How this skill works

The skill runs a parallel production audit (Sentry unresolved issues, Vercel error streams, /api/health checks, and failed GitHub workflow runs) and ranks findings by priority. For a selected issue it creates a fix branch, loads stack traces and related files, checks git history, and produces an investigation summary and hypothesis. For CI failures it inspects run logs, identifies the failed step, and proposes targeted fixes.
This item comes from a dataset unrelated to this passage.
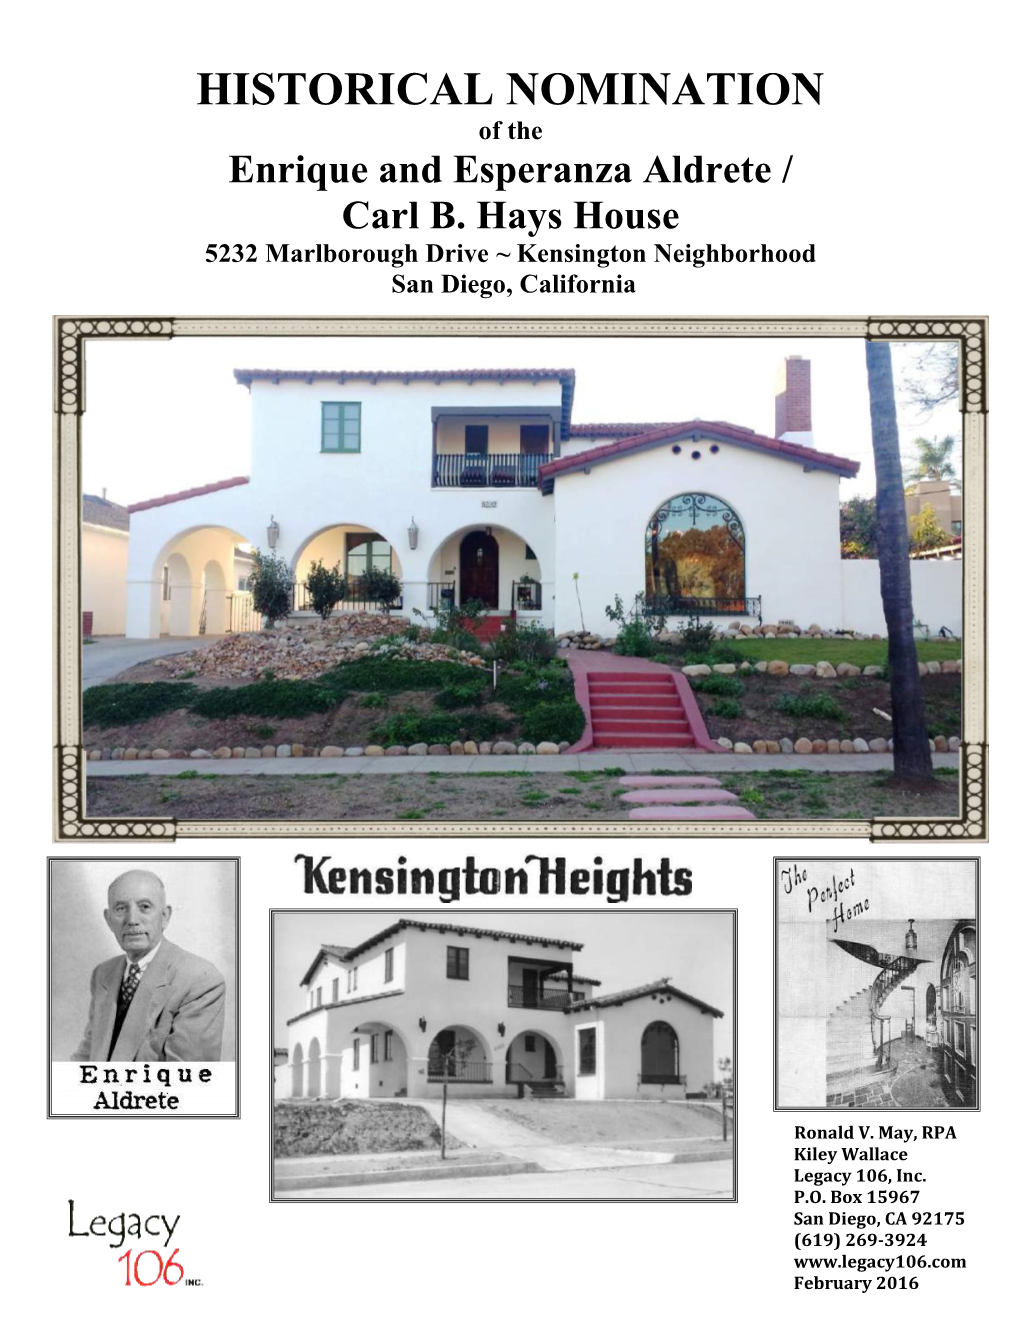 HISTORICAL NOMINATION of the Enrique and Esperanza Aldrete / Carl B

After changes, it helps run tests, open a PR with a standard template, and generate postmortems once the fix is deployed.

When to use it

  • Routine production audit or on-call shift start
  • Investigating a Sentry issue affecting users or spike in errors
  • Responding to failing GitHub CI/CD runs that block deploys
  • Validating health endpoint failures or unexplained latency
  • After a user report that appears in logs or error tracking

Best practices

  • Run the /triage audit at the start of shifts and after deploys
  • Investigate top-priority Sentry issues first (highest score and user impact)
  • Create descriptive fix branches: fix/ISSUE-ID-short-description
  • Run tests locally before creating the PR; include test plan in PR body
  • Use delegation (Codex, Thinktank, Gemini) for complex stack traces or hypotheses

Example use cases

  • Run /triage to get a snapshot of production health and recommendations
  • /triage investigate VOL-456 to deep dive a Sentry error impacting users
  • /triage investigate-ci 12345 to inspect a failed GH Actions run and produce a fix branch
  • /triage fix to run tests and open a PR for verified local fixes
  • /triage postmortem VOL-456 after deployment to generate the postmortem and resolve the Sentry issue

FAQ

What does the initial /triage audit include?

It queries unresolved Sentry issues, recent Vercel logs, health endpoint responses, and recent failed GitHub workflow runs, then ranks findings with recommendations.

When should I create a postmortem?

Create a postmortem after the fix is merged and deployed, once you verify the error is no longer occurring in Sentry; the skill generates a document and resolves the issue.